‘Keep it clean’: Doctor says ‘majority’ of patients get COVID-19 from touching their faces

There’s one coronavirus prevention tip that people seem to have the most trouble following — but it might be the most important.

An “overwhelming majority” of coronavirus patients get the disease by touching their faces after coming into contact with a COVID-19 carrier, Dr. David Price warned in an interview with Fox News journalist Jesse Watters on Saturday. Price, who is a doctor at Weill Cornell Medical Center in New York, said that Americans can overcome COVID-19 if they keep their hands clean and away from the face.

“Become a hand Nazi. Everything you know about your hands, just keep it clean and you will not get this disease,” Price told Watters, according to Fox. “The second thing is you have to start psychologically working on the connection between your hands and your face.”

Don’t touch your face

As frightening as the pandemic might be, health officials are learning that the coronavirus is spread — and can be fought — in a fairly straightforward way, Dr. Price said Saturday. Worrisome reports that the coronavirus can spread by lingering in the air do not account for the majority of infections, the doctor explained; rather, the virus almost always spreads from hand-to-face contact.

“The ways that you get this is the transmission of the virus almost exclusively from your hands to your face, from your hands to your face and inside your eyes, into your nose or into your mouth,” Price told Watters, according to Fox. “So there’s a lot of talk about contact or getting it through contacts, hands to face.”

Some studies have found that the coronavirus can survive for hours at a time in the air and even days on contaminated surfaces, according to The Hill. But people shouldn’t worry about that too much as long as they keep their hands clean, Price said.

“Those two things combined is incredibly powerful and will prevent the transmission of disease in your family in 99% of cases, to know your hands are clean and not touch your face, period,” Price said, according to Fox.

Breaking the habit

While this home-spun advice may be welcome, it’s also something of a catch-22: how do you break an unconscious habit? It’s one thing to be constantly washing hands, but it’s something else to stop doing something most people never think about. By some estimates, people unconsciously touch their faces more than 20 times an hour, the BBC reports.
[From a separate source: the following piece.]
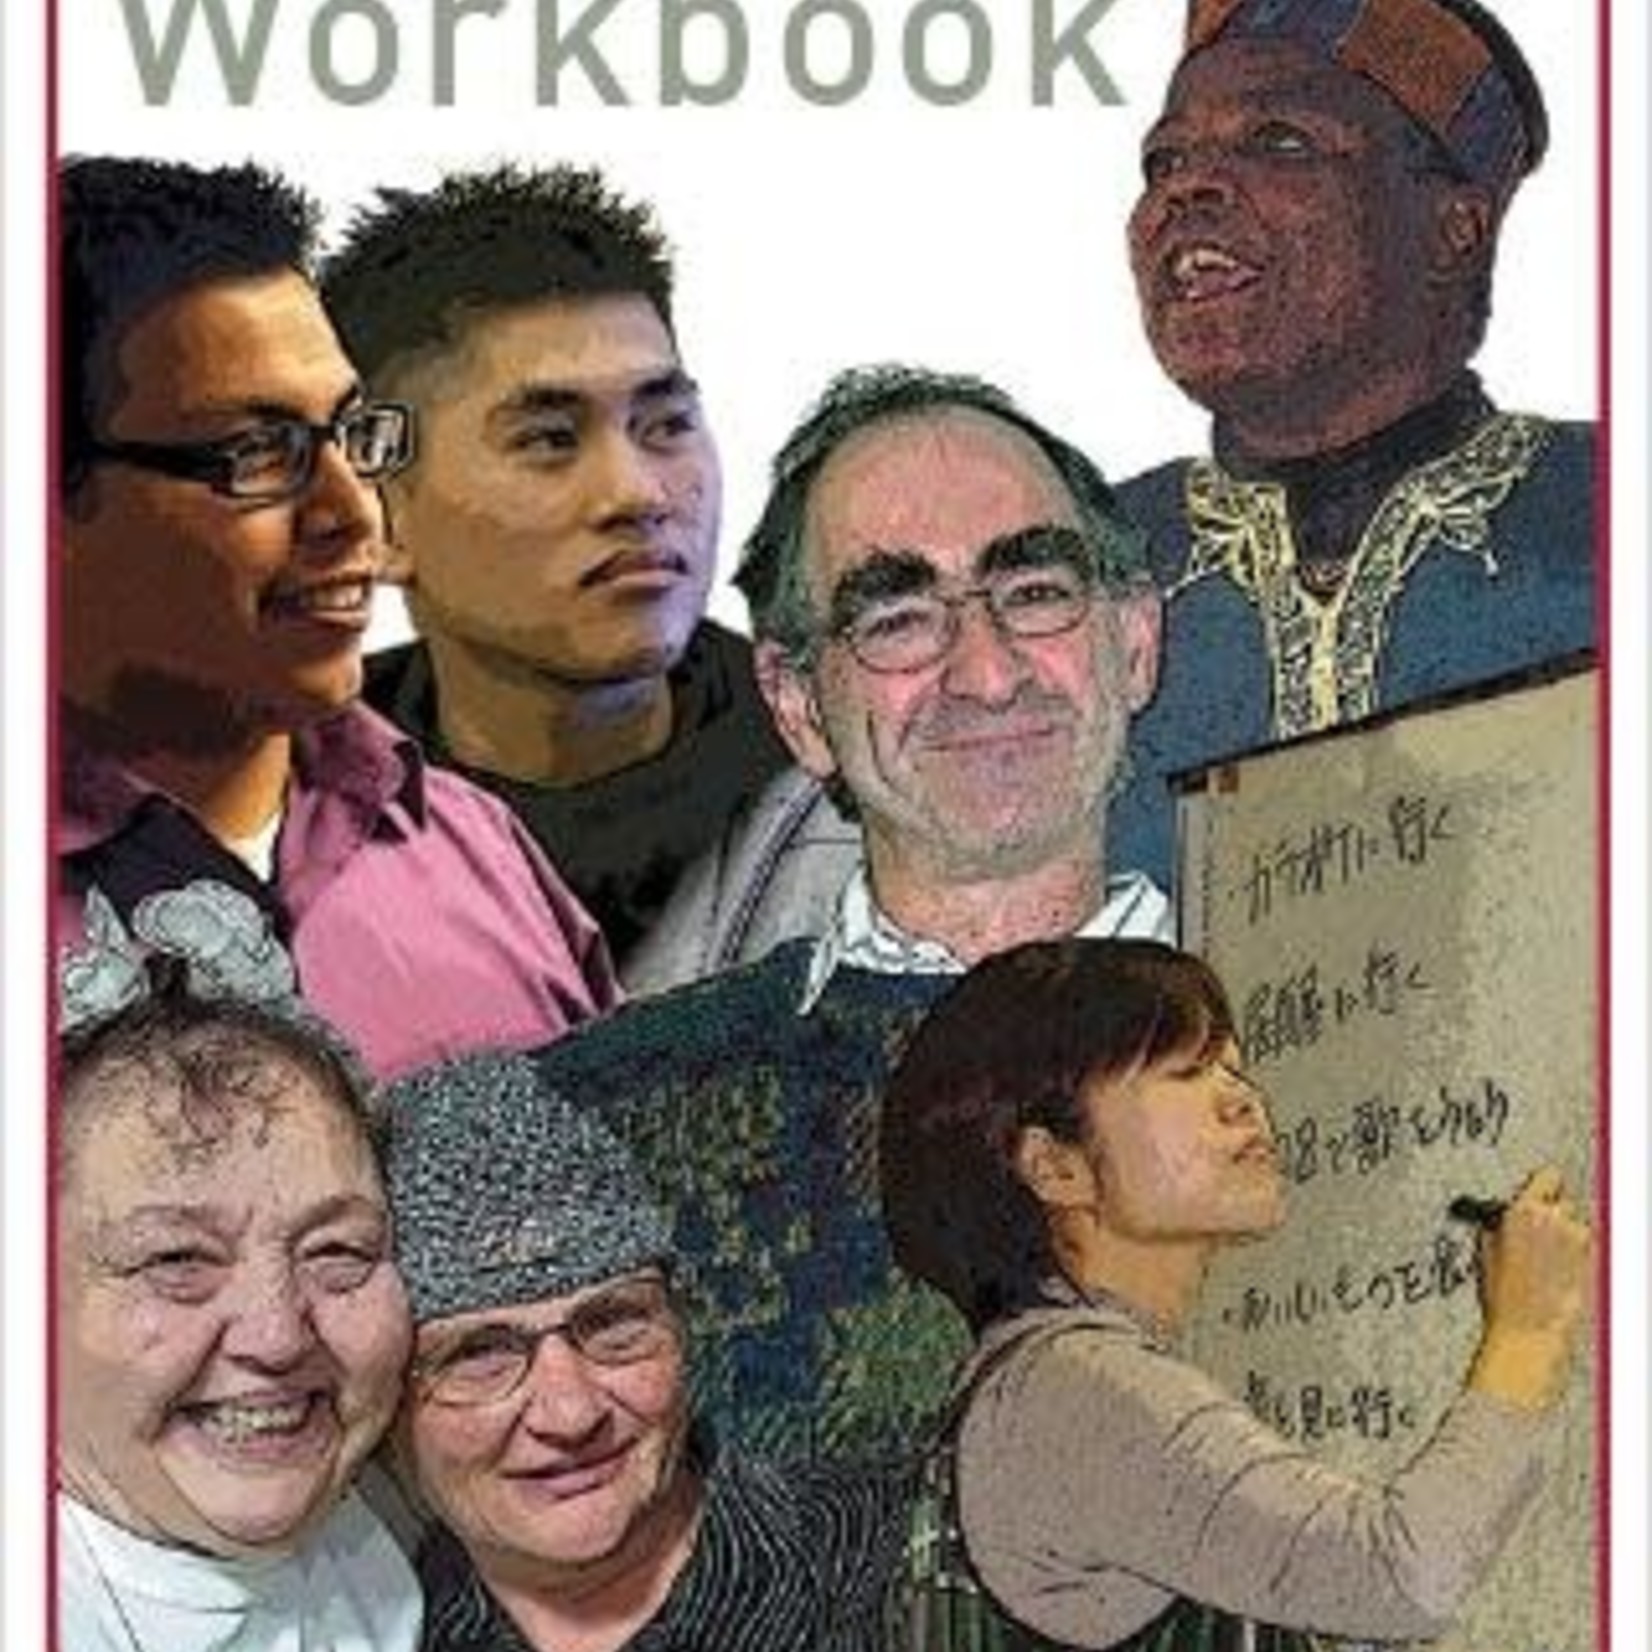 WRAP Workbook
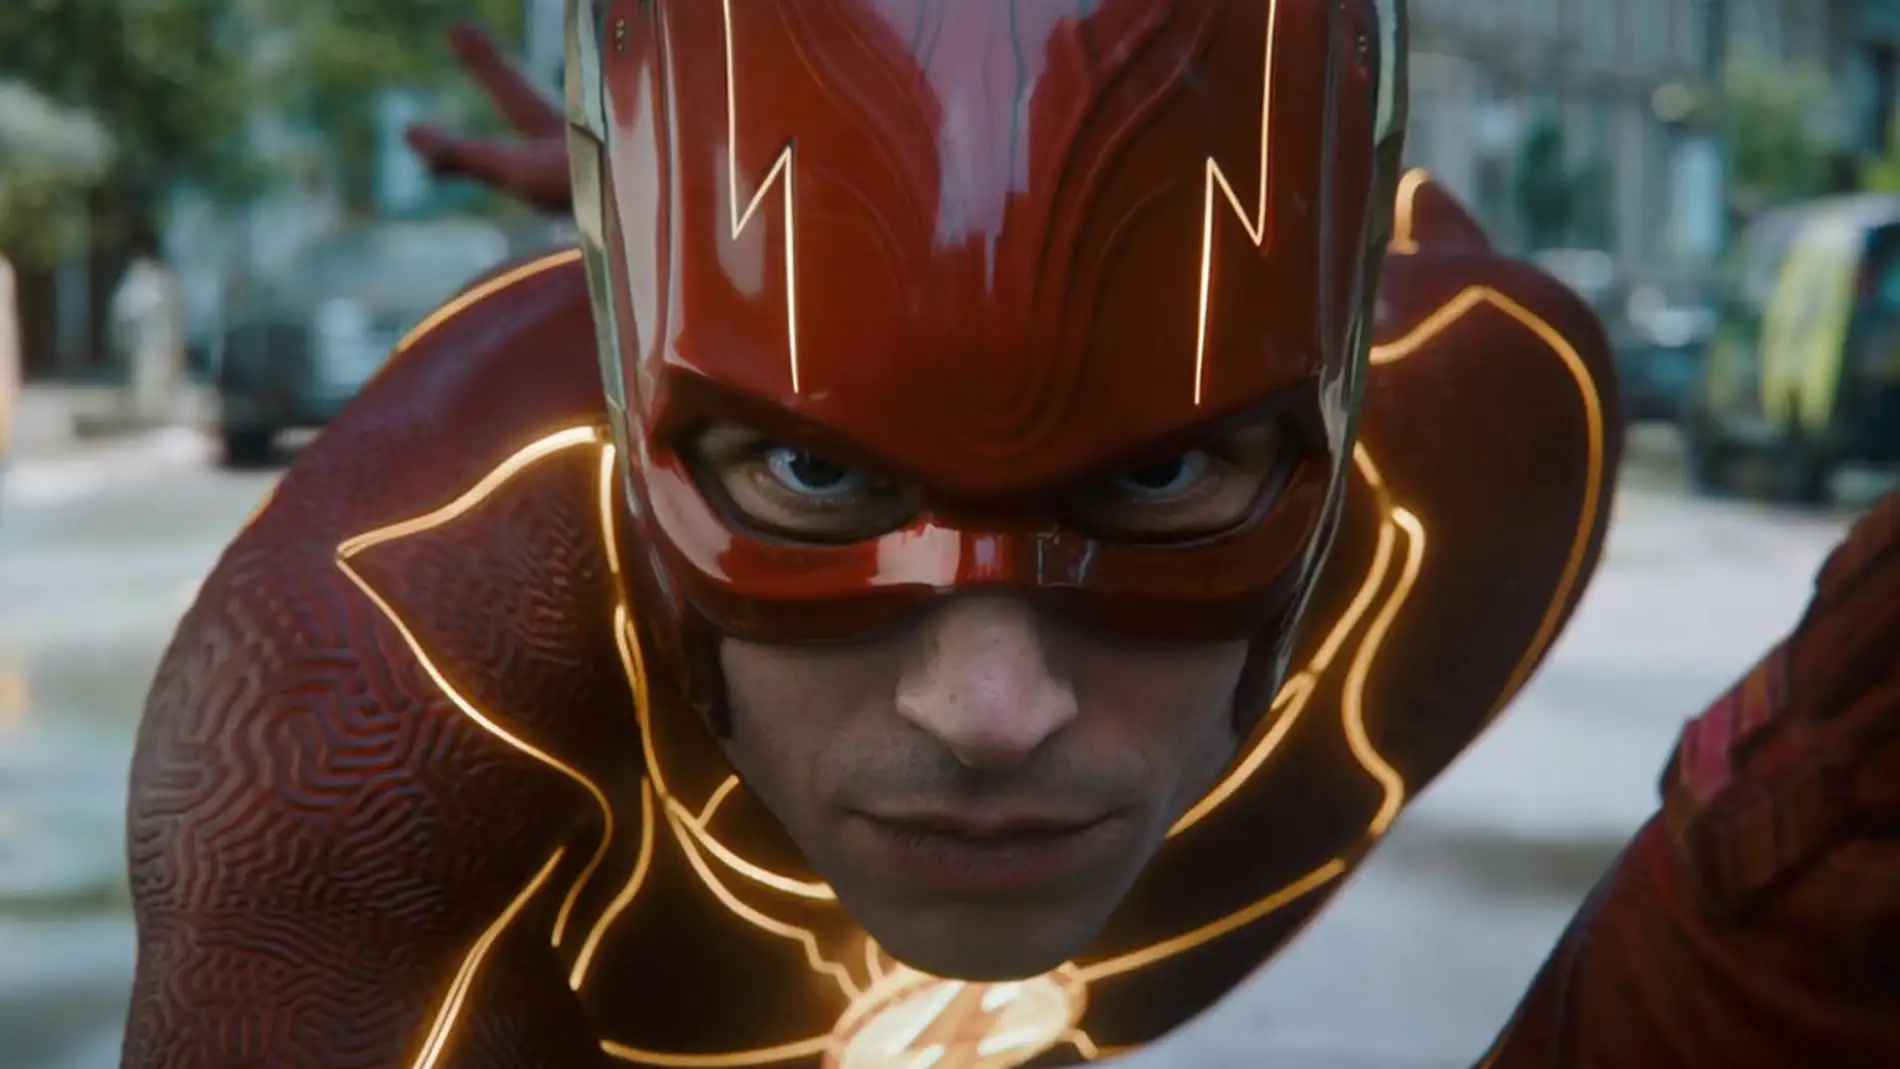 Ezra Miller en 'The Flash'

There’s no perfect solution, but some experts recommend wearing masks or just trying to be mindful of the habit. “When it is a physical need like an itch, for example, we can build a substitute behavior,” Michael Hallsworth, a behavioral scientist at Columbia University, told the BBC. “Use the back of the arm. You reduce the risk, even if it’s not an ideal solution.”

New York, where Dr. Price works, is at the epicenter of the American outbreak. The death toll in America doubled this weekend to more than 2,000, according to the New York Post; meanwhile, millions of Americans have filed for unemployment compensation as policy leaders struggle to balance an economic crisis with an evolving and fearsome health threat, The Washington Post reported.

President Donald Trump, for his part, has said that he will extend the federal government’s social distancing guidelines through April 30, walking back earlier hopes of opening America’s economy back up by Easter, according to Fox. But despite the massive scale of the crisis and its ramifications, fighting the pandemic really starts with individuals making changes to their behavior.

“The thing that makes me smile a little bit is I actually know now that I won’t get this disease because I know how to protect myself,” Price said Saturday.